Material provided:
____________________
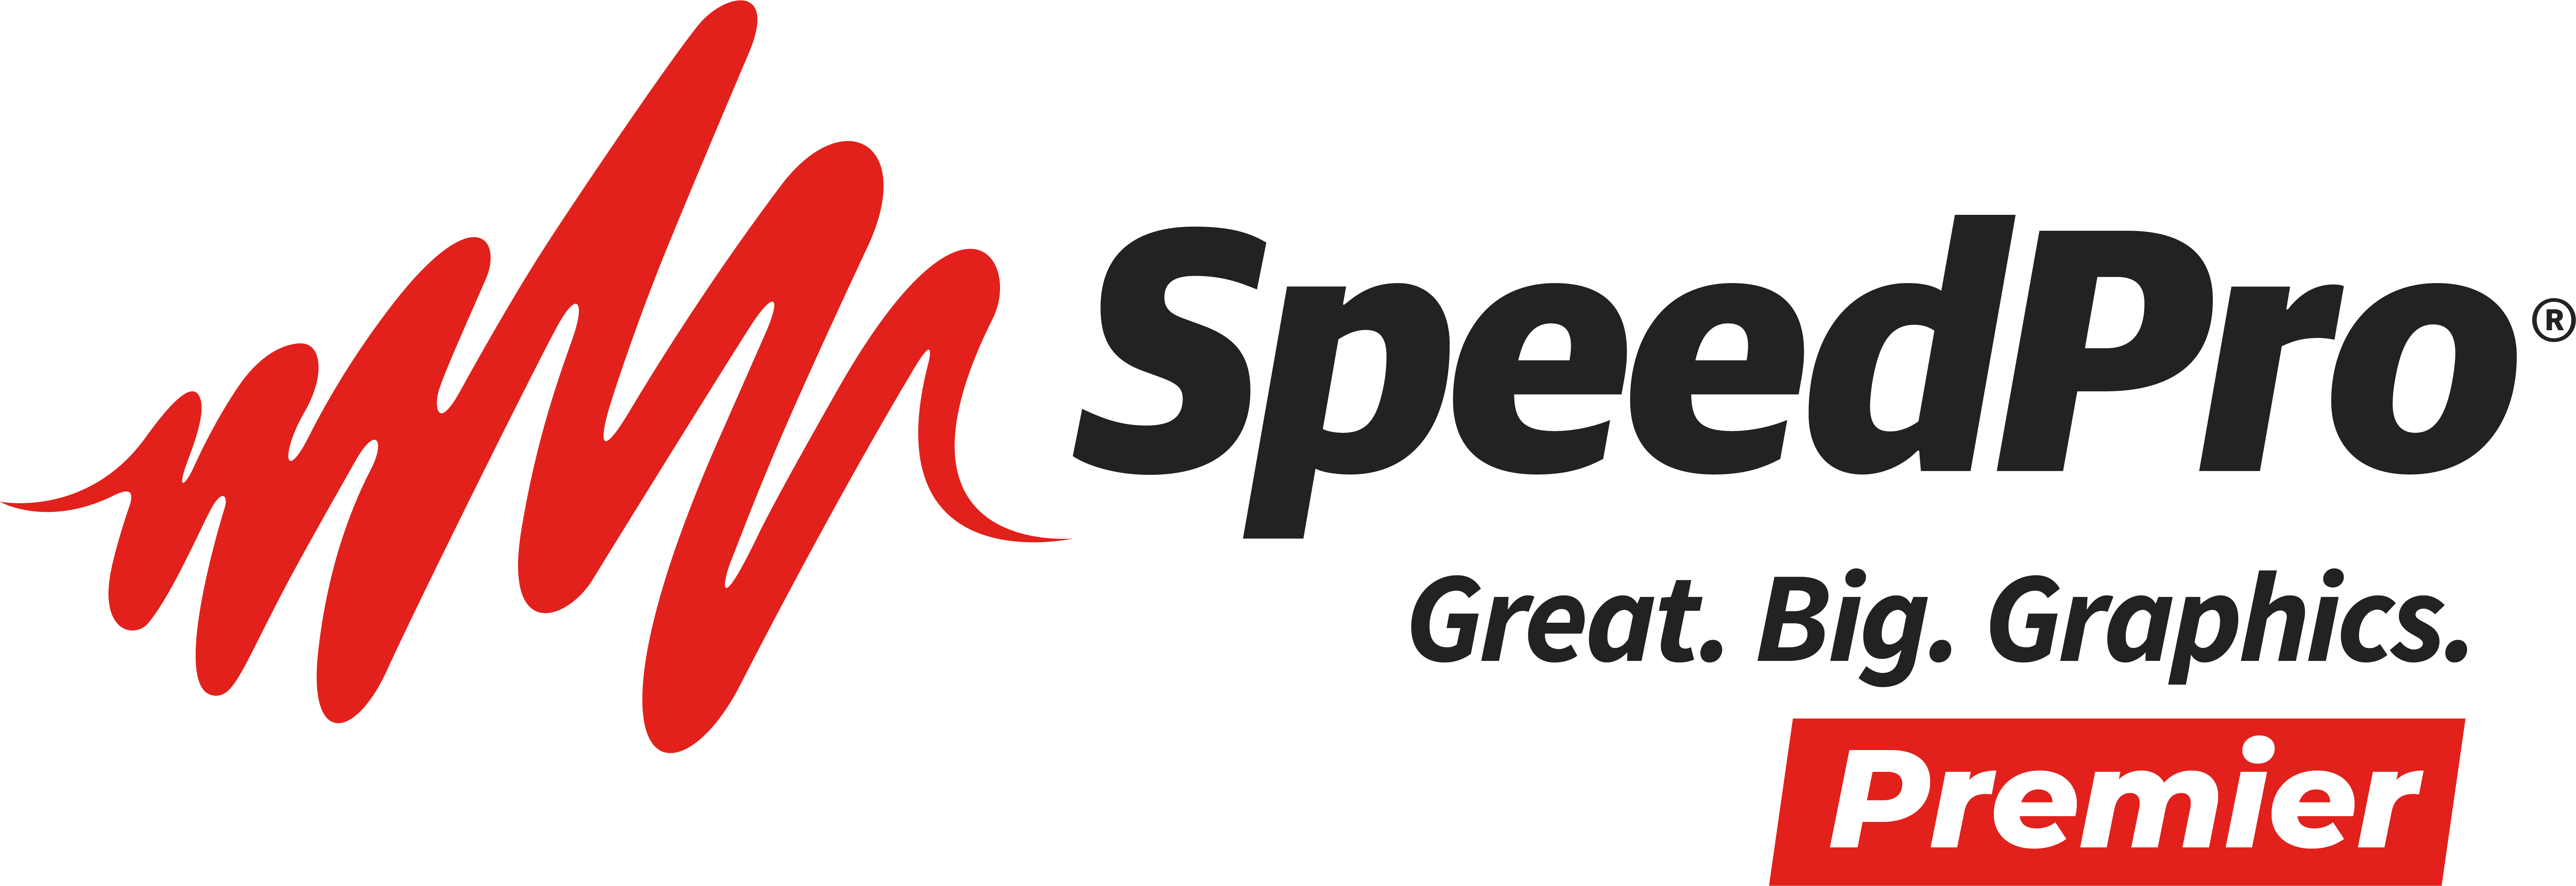 SpeedPro Premier
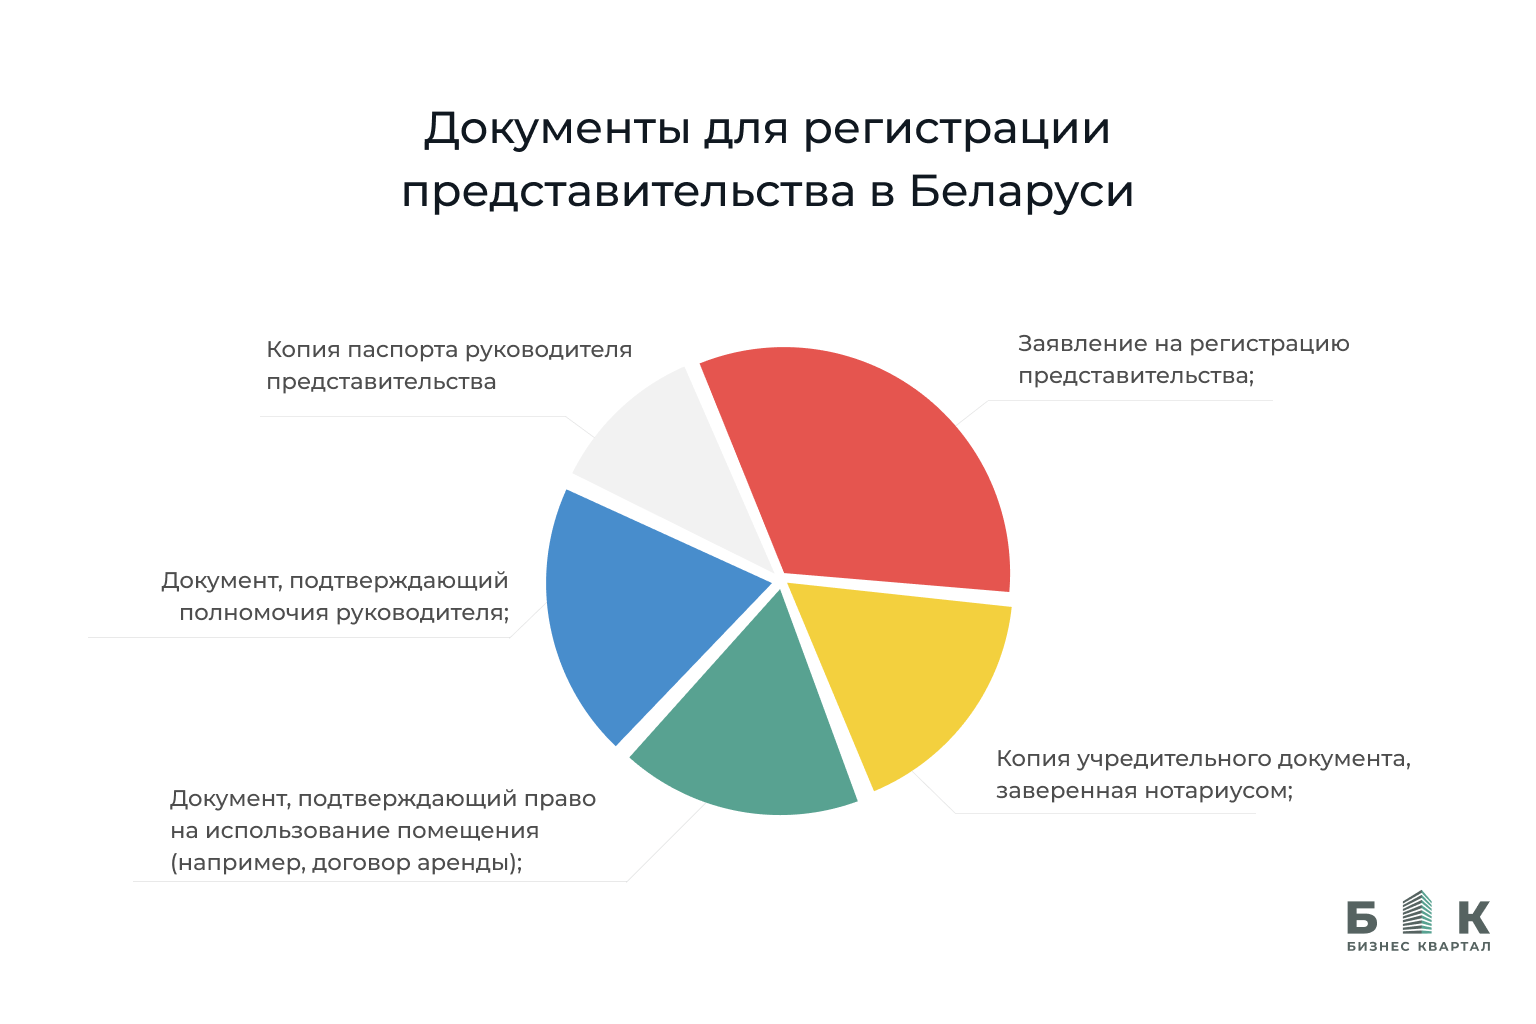 Документы для регистрации представительства в Беларуси
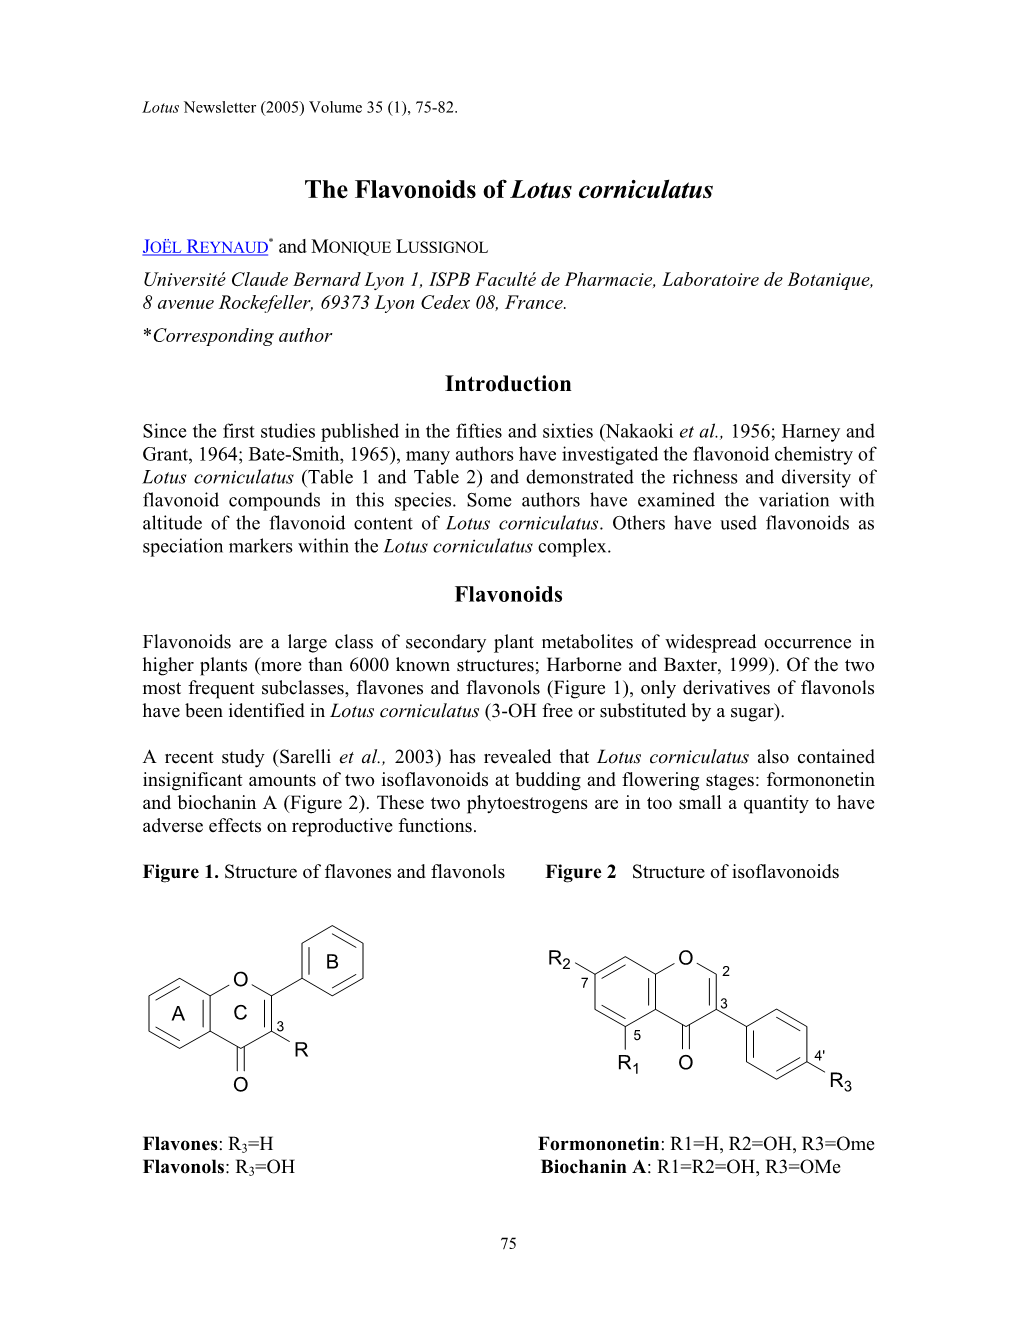 The Flavonoids of Lotus Corniculatus
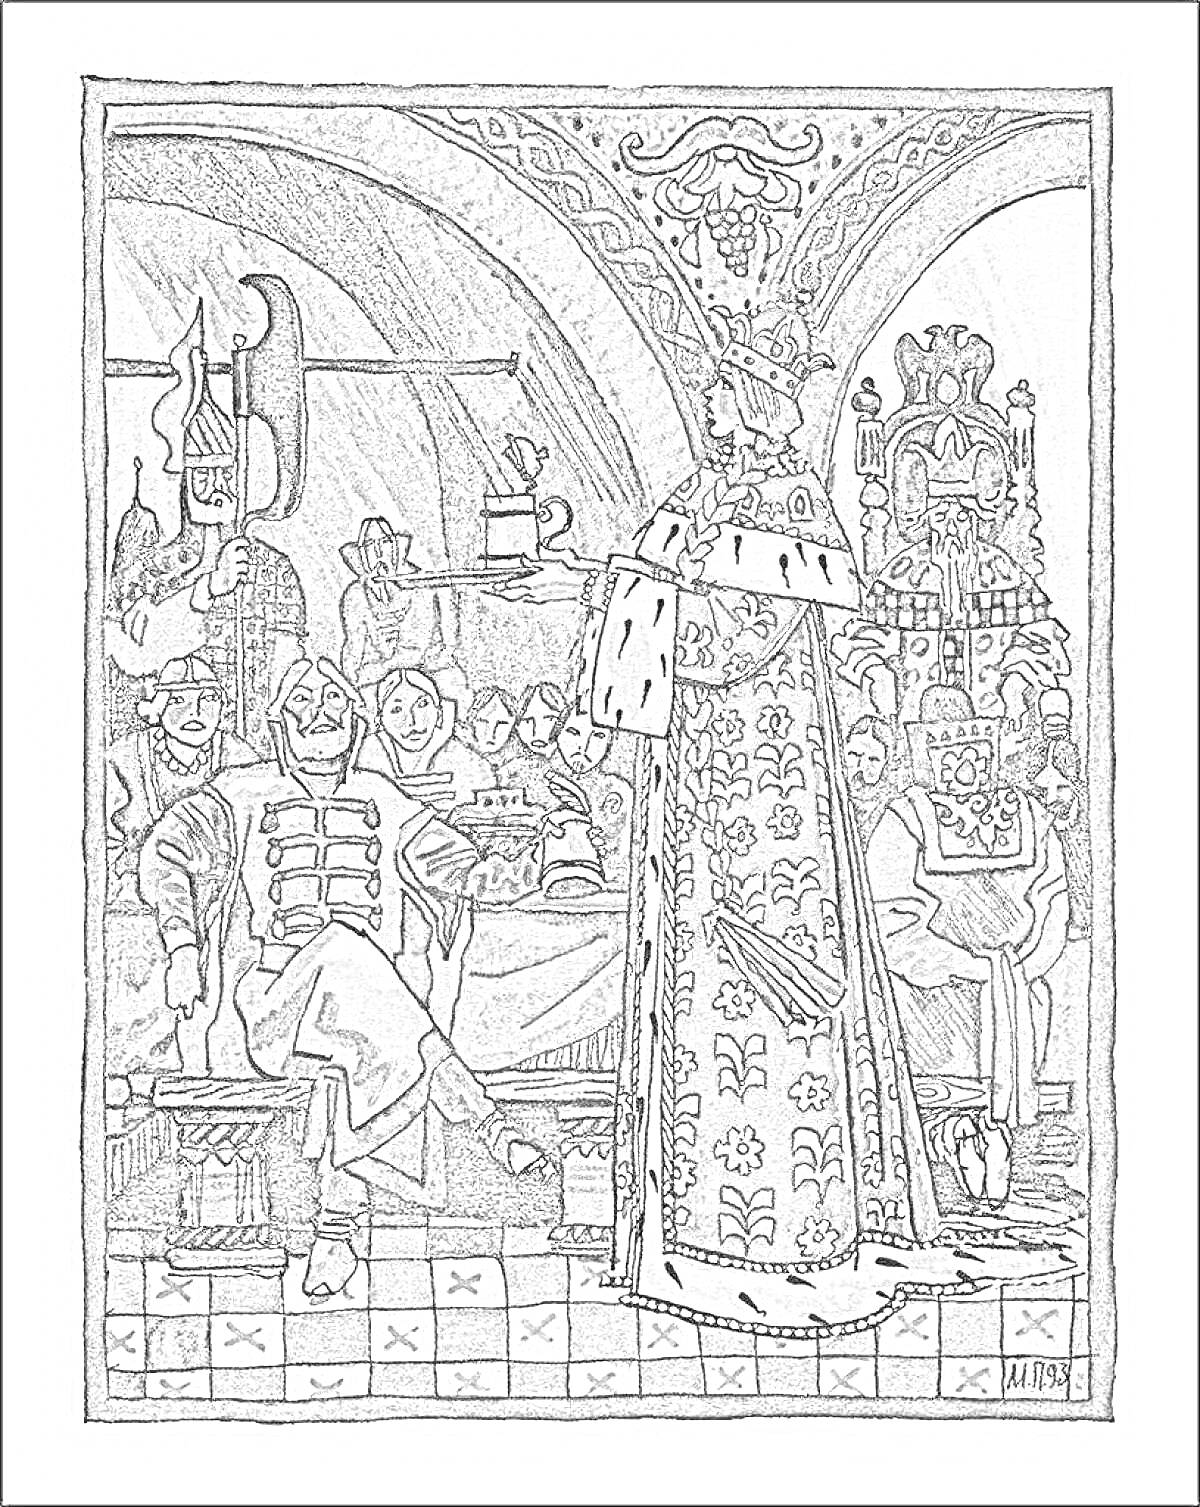 РаскраскаПир в тереме: царь в короне и мантии вслушивается к сидящим за столом воинам и придворным на банкете в богатом зале с кессонным потолком.
____________________
Task description:
Copy the listing exactly but drop its images.

Task output:
 SpeedPro Premier
 Документы для регистрации представительства в Беларуси
 The Flavonoids of Lotus Corniculatus
 РаскраскаПир в тереме: царь в короне и мантии вслушивается к сидящим за столом воинам и придворным на банкете в богатом зале с кессонным потолком.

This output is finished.